Me envían a mi pariente, el cardenal Thomas Bourchier, y a otra media docena de lores del Consejo Privado para que razonen conmigo. Yo los recibo como una reina, adornada con los diamantes reales saqueados del tesoro, sentada en un imponente sillón que hace las veces de trono. Espero proyectar una imagen regia y digna, pero lo cierto es que me invaden sentimientos de asesina. Éstos son los lores de mi Consejo Privado. Ocupan los puestos que mi esposo les concedió. Eduardo los convirtió en lo que son actualmente. Y ahora tienen el atrevimiento de venir a decirme lo que exige de mí el duque Ricardo. A mi espalda tengo a Isabel y a mis otras cuatro hijas en fila. No está presente ninguno de mis hijos varones ni de mis hermanos. No se fijan en que mi hijo Thomas Grey ha escapado y anda suelto por las calles de Londres y, desde luego, yo no llamo la atención sobre dicha ausencia.

Me dicen que han proclamado al duque Ricardo protector del reino, regente y rector del príncipe Eduardo y me aseguran que los preparativos para la coronación están en marcha. Desean que mi hijo menor, Ricardo, se reúna con su hermano en las dependencias reales de la Torre.

—El duque será el protector sólo durante unos días, hasta que tenga lugar la ceremonia —me explica Thomas Bourchier con una expresión tan sincera que he de creerlo. Es un hombre que ha pasado la vida intentando traer la paz a este país. Coronó a Eduardo rey y a mí reina porque estaba convencido de que con ello traería la paz a Inglaterra. Sé que está diciendo lo que siente en realidad—. Tan pronto como el joven rey haya sido coronado, todo el poder revertirá a él y vos seréis la reina viuda y la madre del rey —asegura—. Regresad a vuestro palacio, excelencia, y asistid a la investidura de vuestro hijo.
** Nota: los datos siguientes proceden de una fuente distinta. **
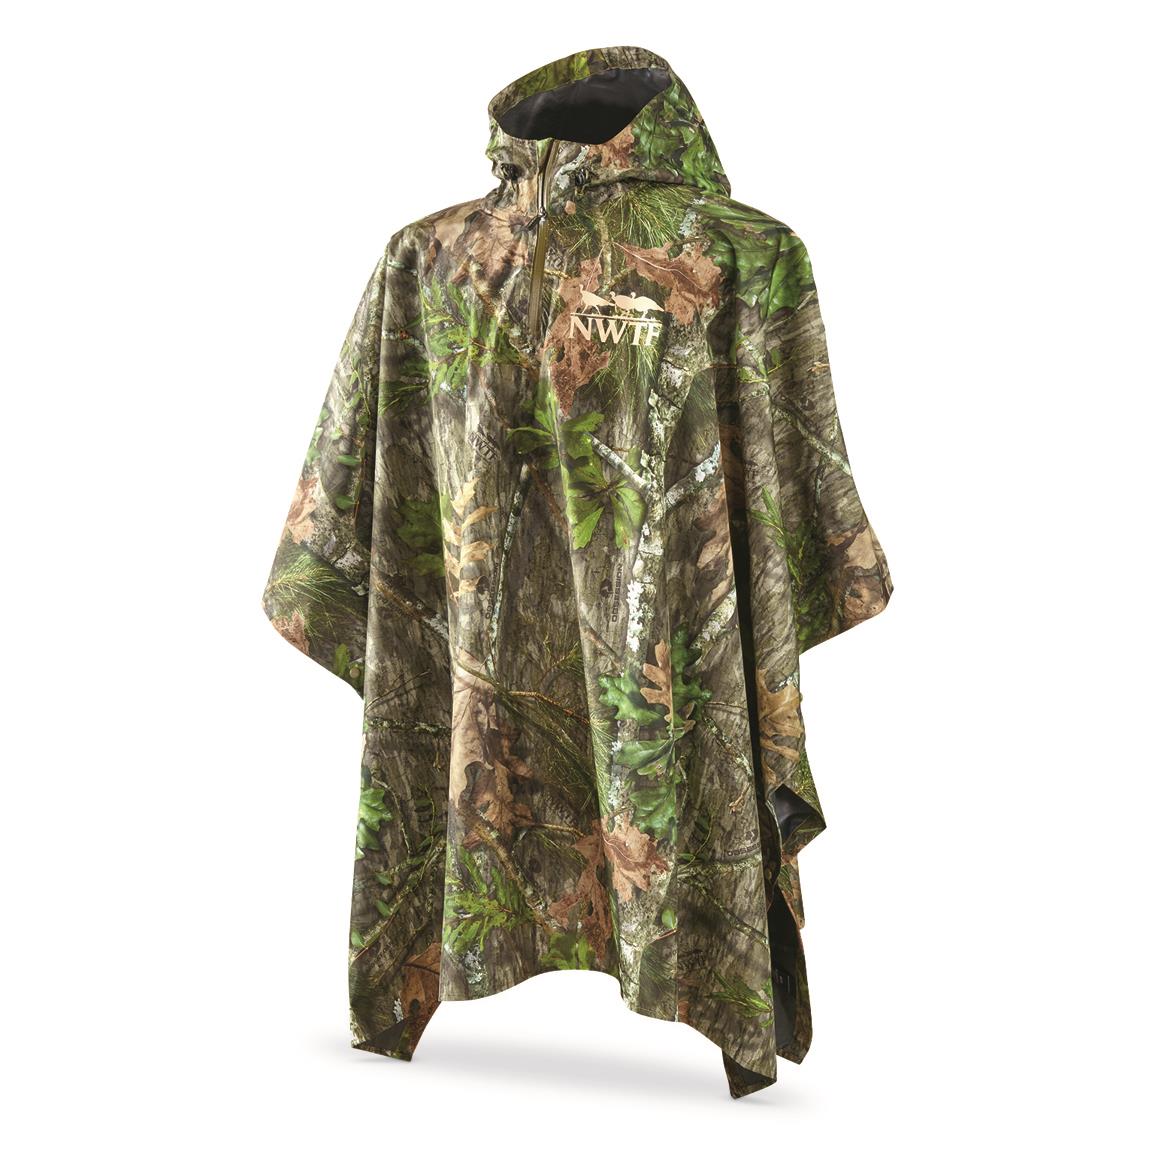 NOMAD NWTF Poncho - 707808, Camo Rain Gear & Jackets at Sportsman's Guide

El pueblo se extrañará al no veros, y lo mismo les ocurrirá a los embajadores extranjeros. Permitidnos que cumplamos lo que todos le prometimos al rey en su lecho de muerte: sentar a vuestro hijo en el trono y trabajar todos juntos dejando a un lado las enemistades. Permitid que la familia real se aloje en las dependencias reales de la Torre y que salga en todo su poder y en toda su belleza para la coronación de su príncipe.
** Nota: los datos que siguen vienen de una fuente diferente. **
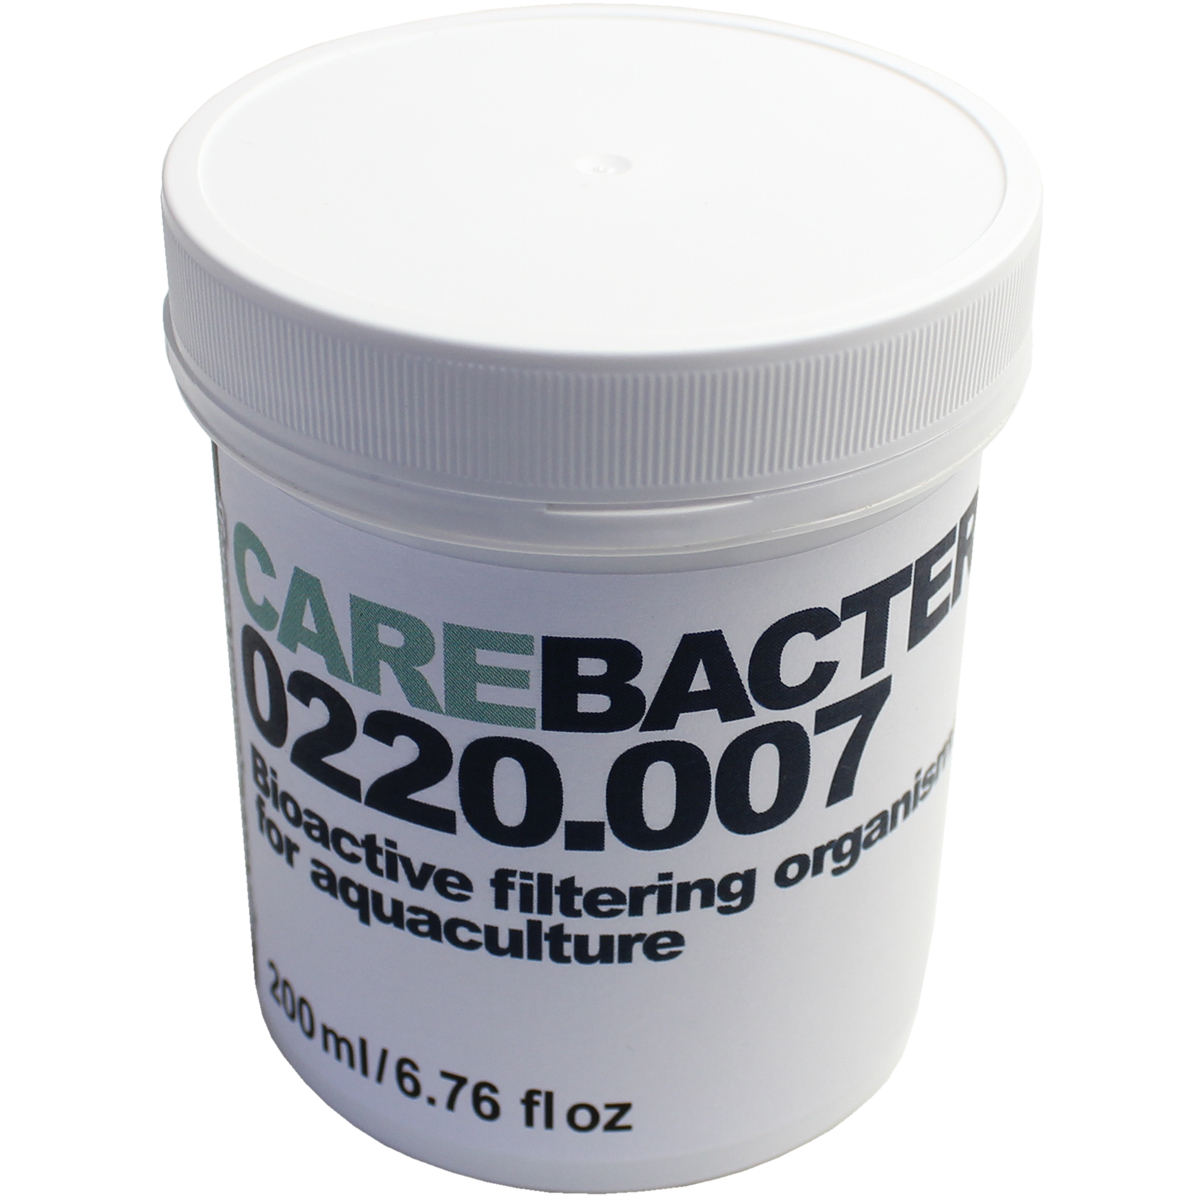 Tunze Care Bacter

Durante un instante me siento convencida. Más aún, me siento tentada. Tal vez todo acabe en un final feliz. Pero luego pienso en mi hermano Anthony y mi hijo Richard Grey, que están presos, juntos, en el castillo de Pontefract, y vacilo. Tengo que hacer una pausa para reflexionar. Tengo que velar por su seguridad. Mientras yo esté acogida a sagrado, mi seguridad y la de mi hijo Ricardo contrarrestan el encarcelamiento de ellos dos, igual que las pesas en una balanza. Ellos conservarán la vida en tanto que yo observe buena conducta; pero, del mismo modo, el duque Ricardo no se atreve a tocarlos por miedo a enfurecerme a mí. Si Ricardo quiere librarse de los Rivers, necesita tenernos a todos en su poder. Yo, al permanecer fuera de su alcance, protejo a aquellos de nosotros que están bajo su dominio, y también a los que están en libertad. He de mantener a mi hermano Anthony a salvo de sus enemigos. He de hacerlo. Ésta es mi cruzada, igual que la que no le permití realizar a él. Debo mantenerlo con vida para que siga siendo la luz del mundo como hasta ahora.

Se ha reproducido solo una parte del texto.